*** Data extract Section Begins ***

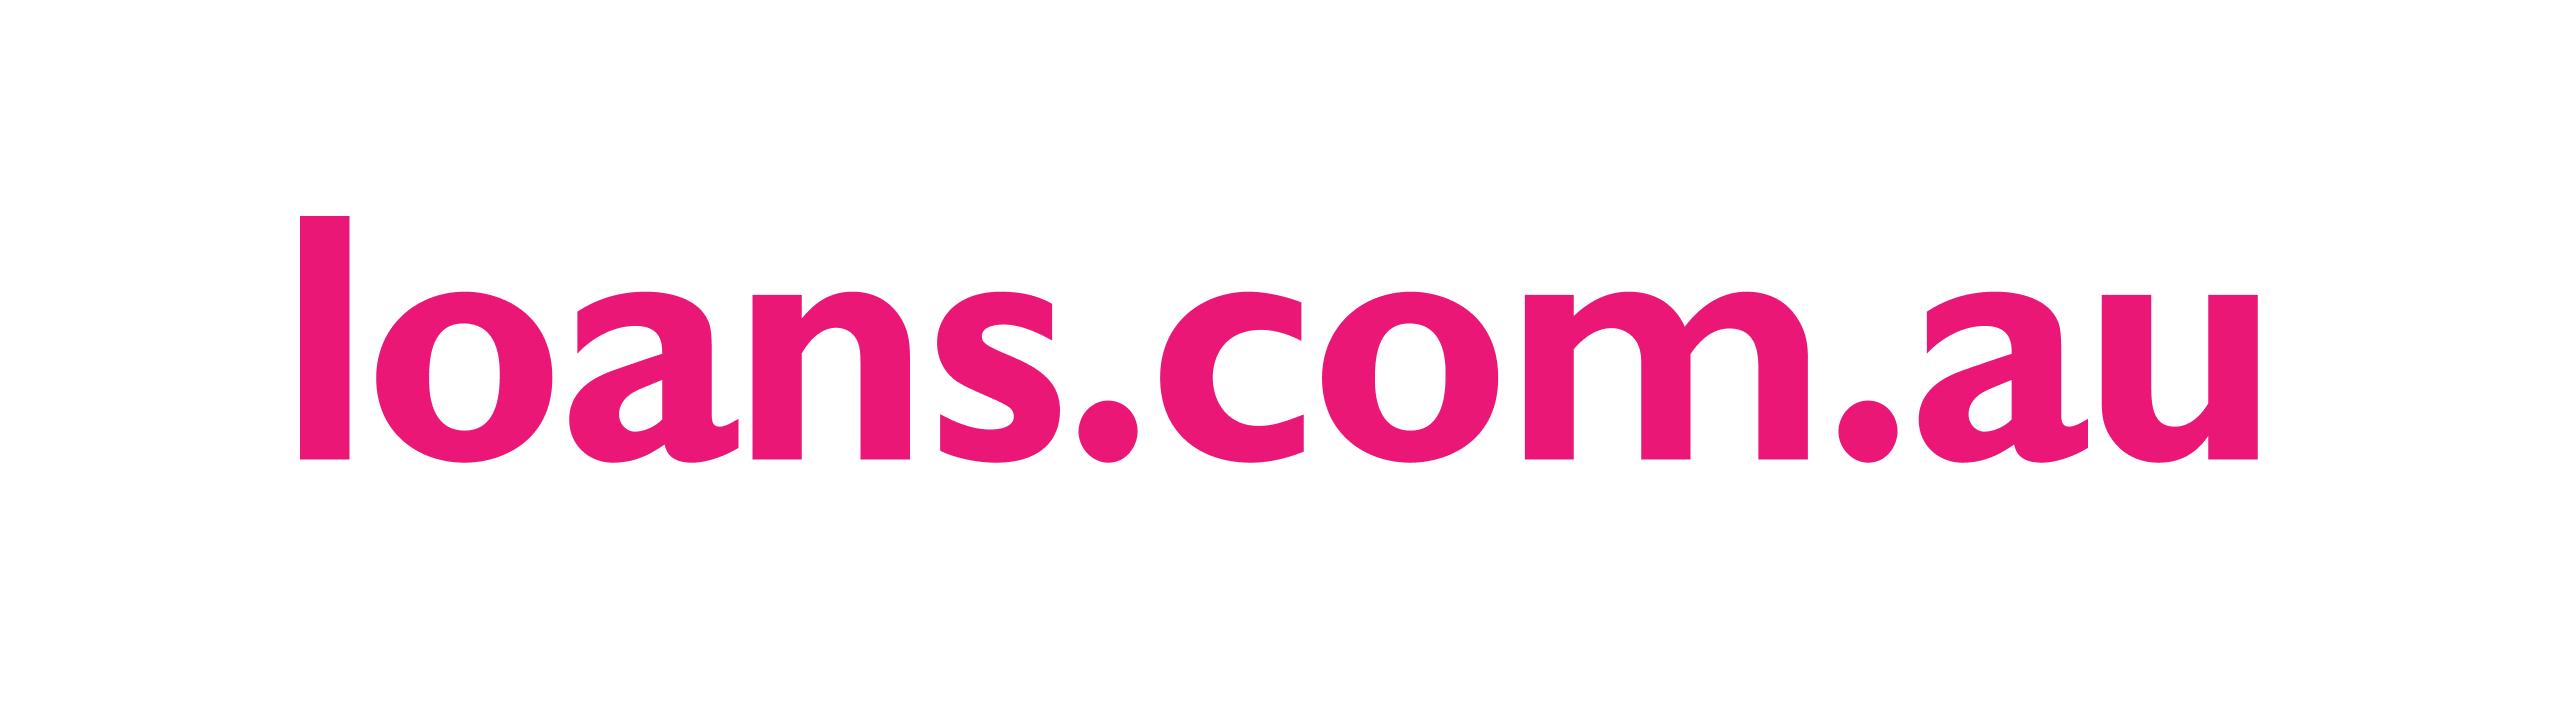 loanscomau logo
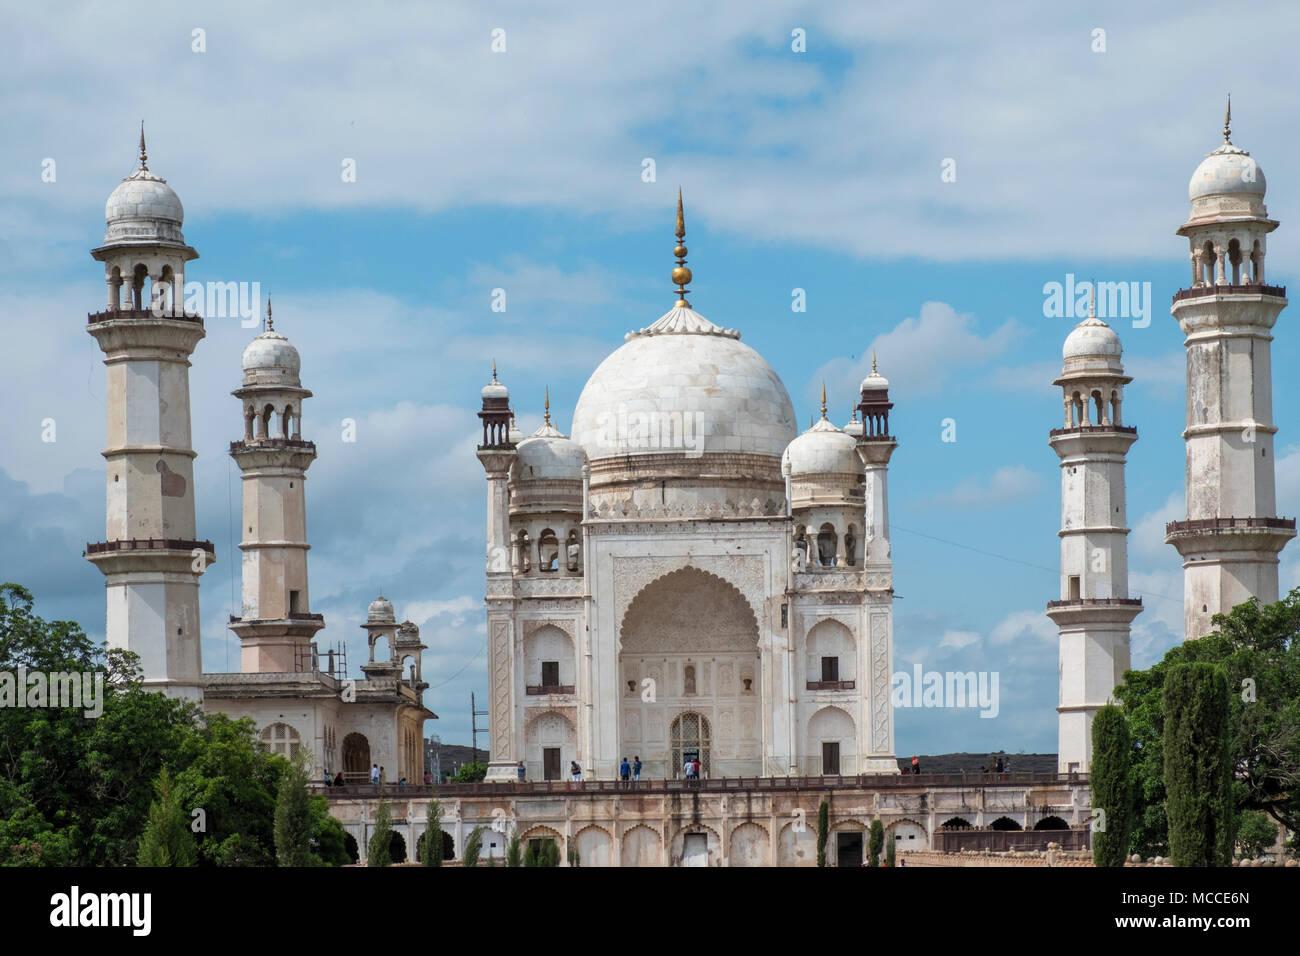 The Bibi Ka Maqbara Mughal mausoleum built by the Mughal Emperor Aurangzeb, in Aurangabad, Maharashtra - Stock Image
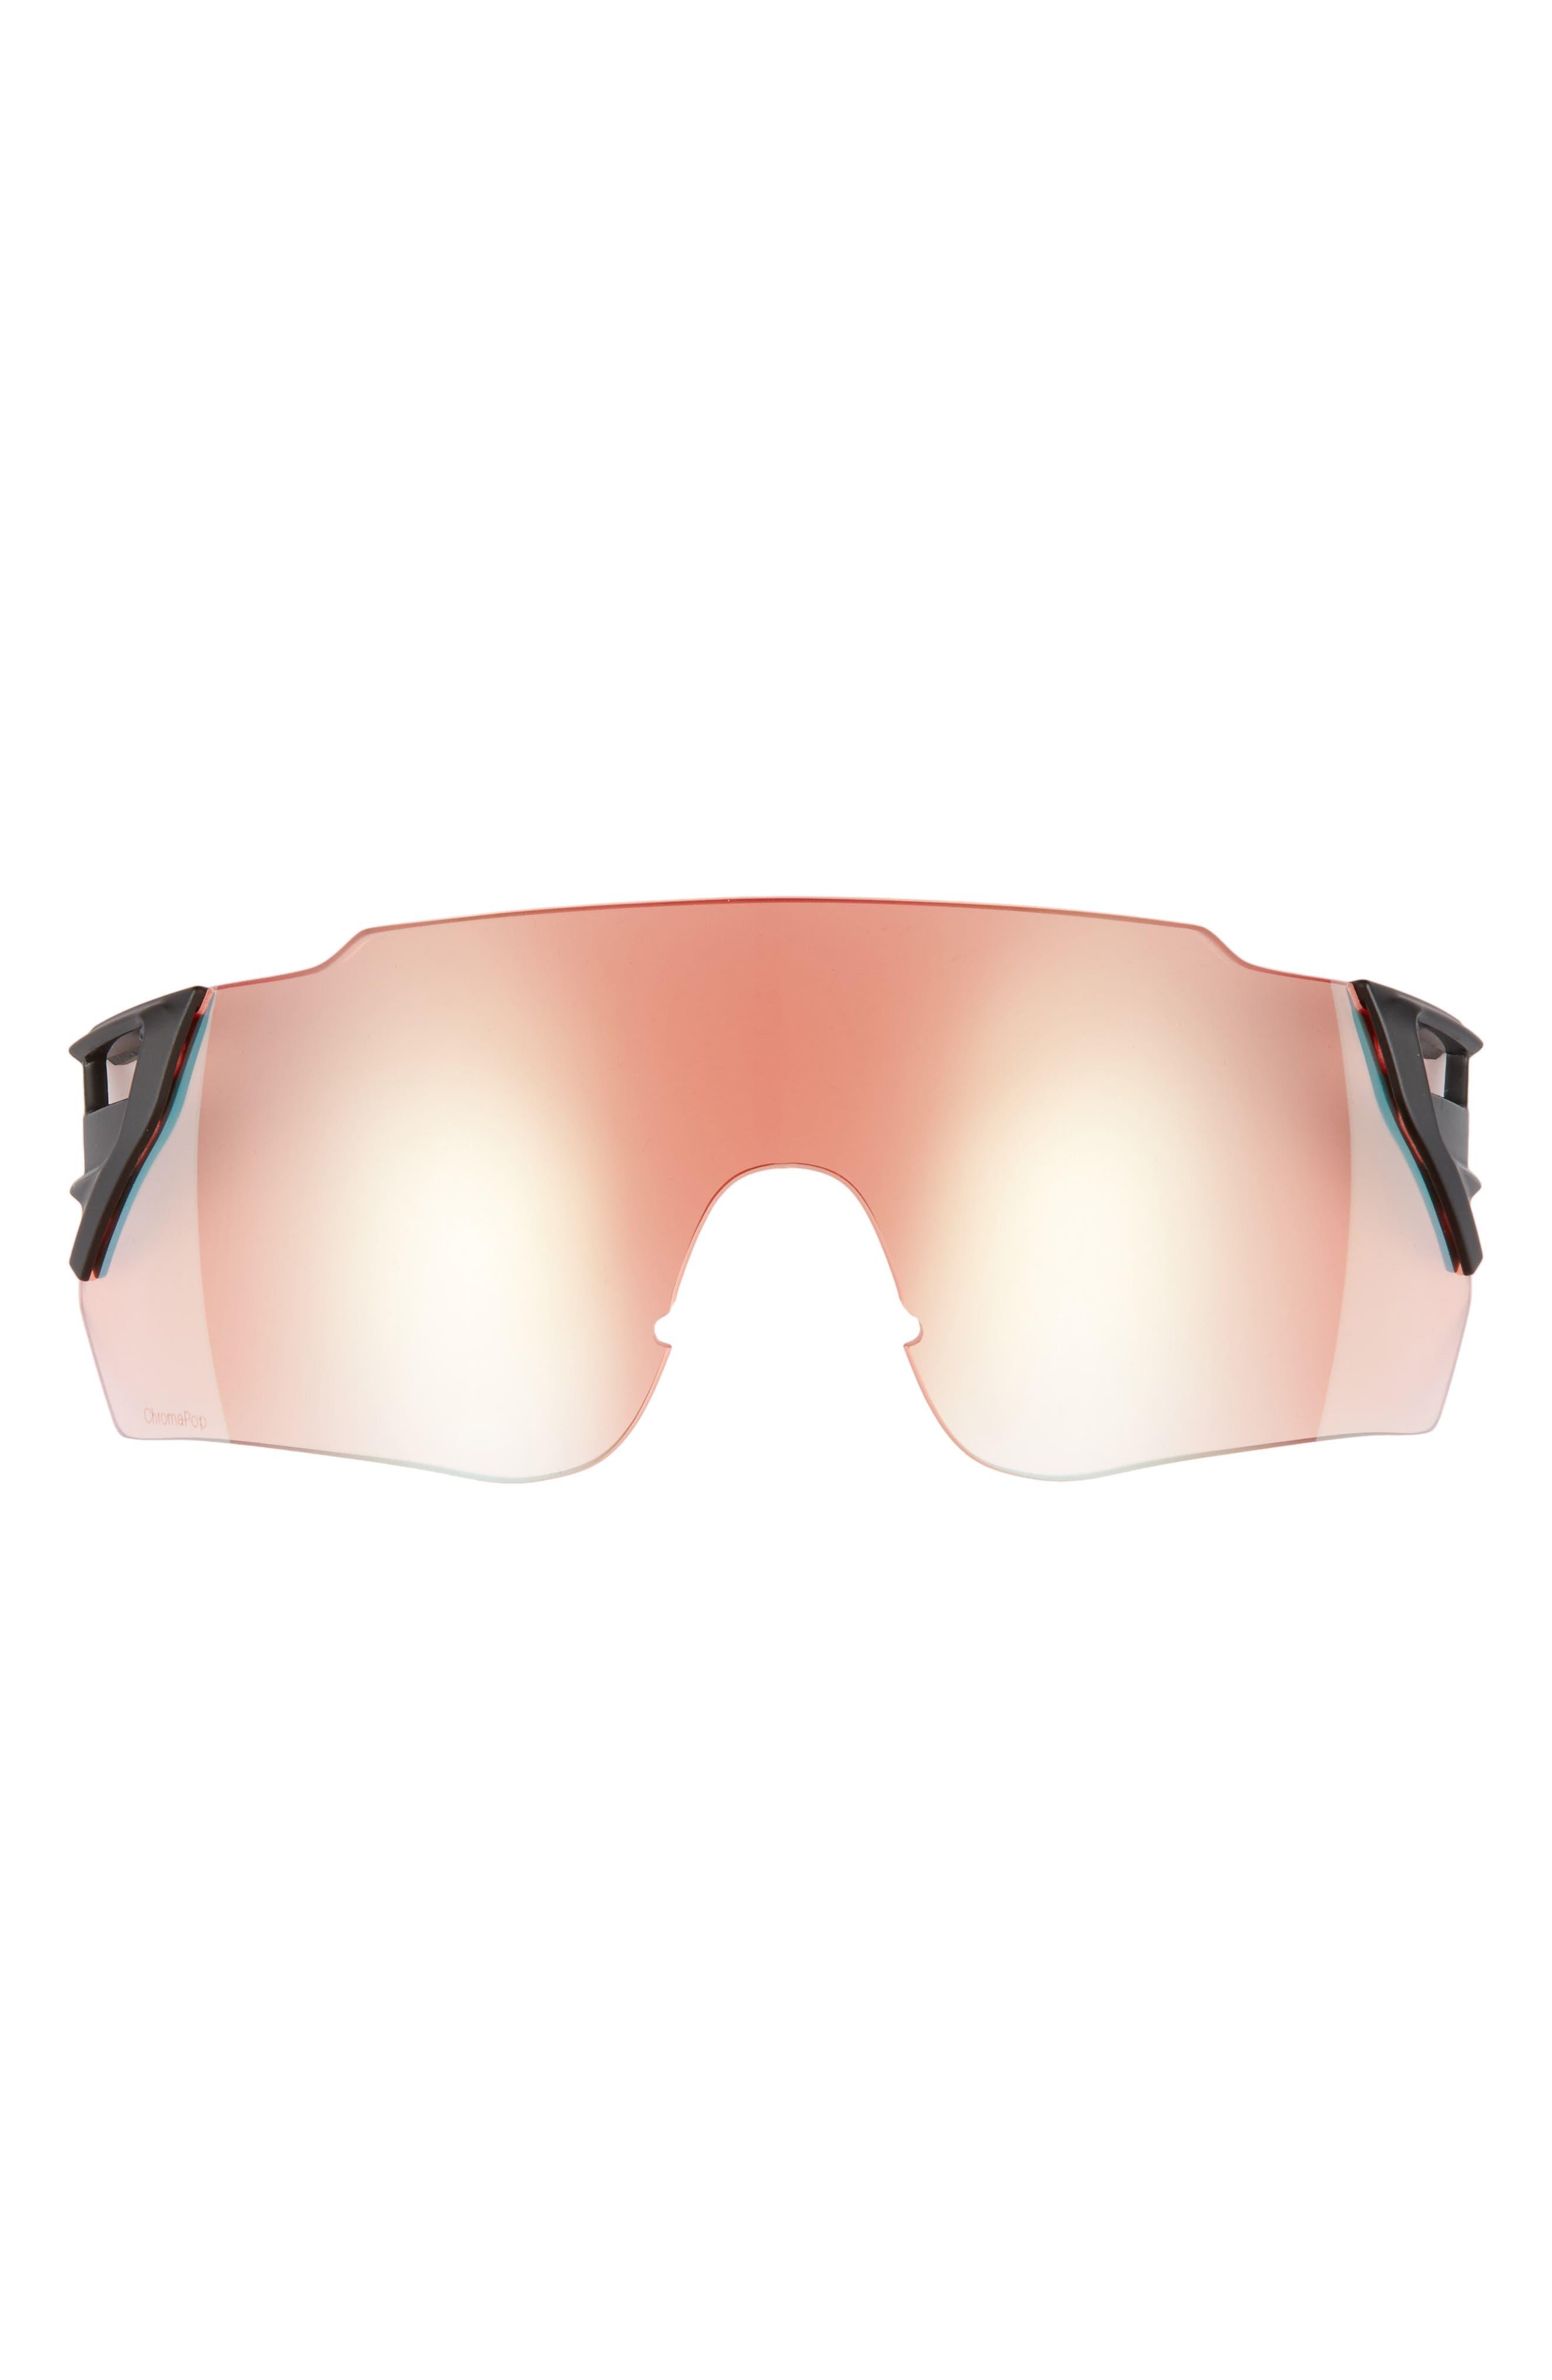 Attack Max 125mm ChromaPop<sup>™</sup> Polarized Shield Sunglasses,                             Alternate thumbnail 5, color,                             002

*** Data extract Section Ends ***

§ Exercise brief
Retype the full listing exactly; pictures stay out.

§ Result of the task
 loanscomau logo
 The Bibi Ka Maqbara Mughal mausoleum built by the Mughal Emperor Aurangzeb, in Aurangabad, Maharashtra - Stock Image
 Attack Max 125mm ChromaPop<sup>™</sup> Polarized Shield Sunglasses,                             Alternate thumbnail 5, color,                             002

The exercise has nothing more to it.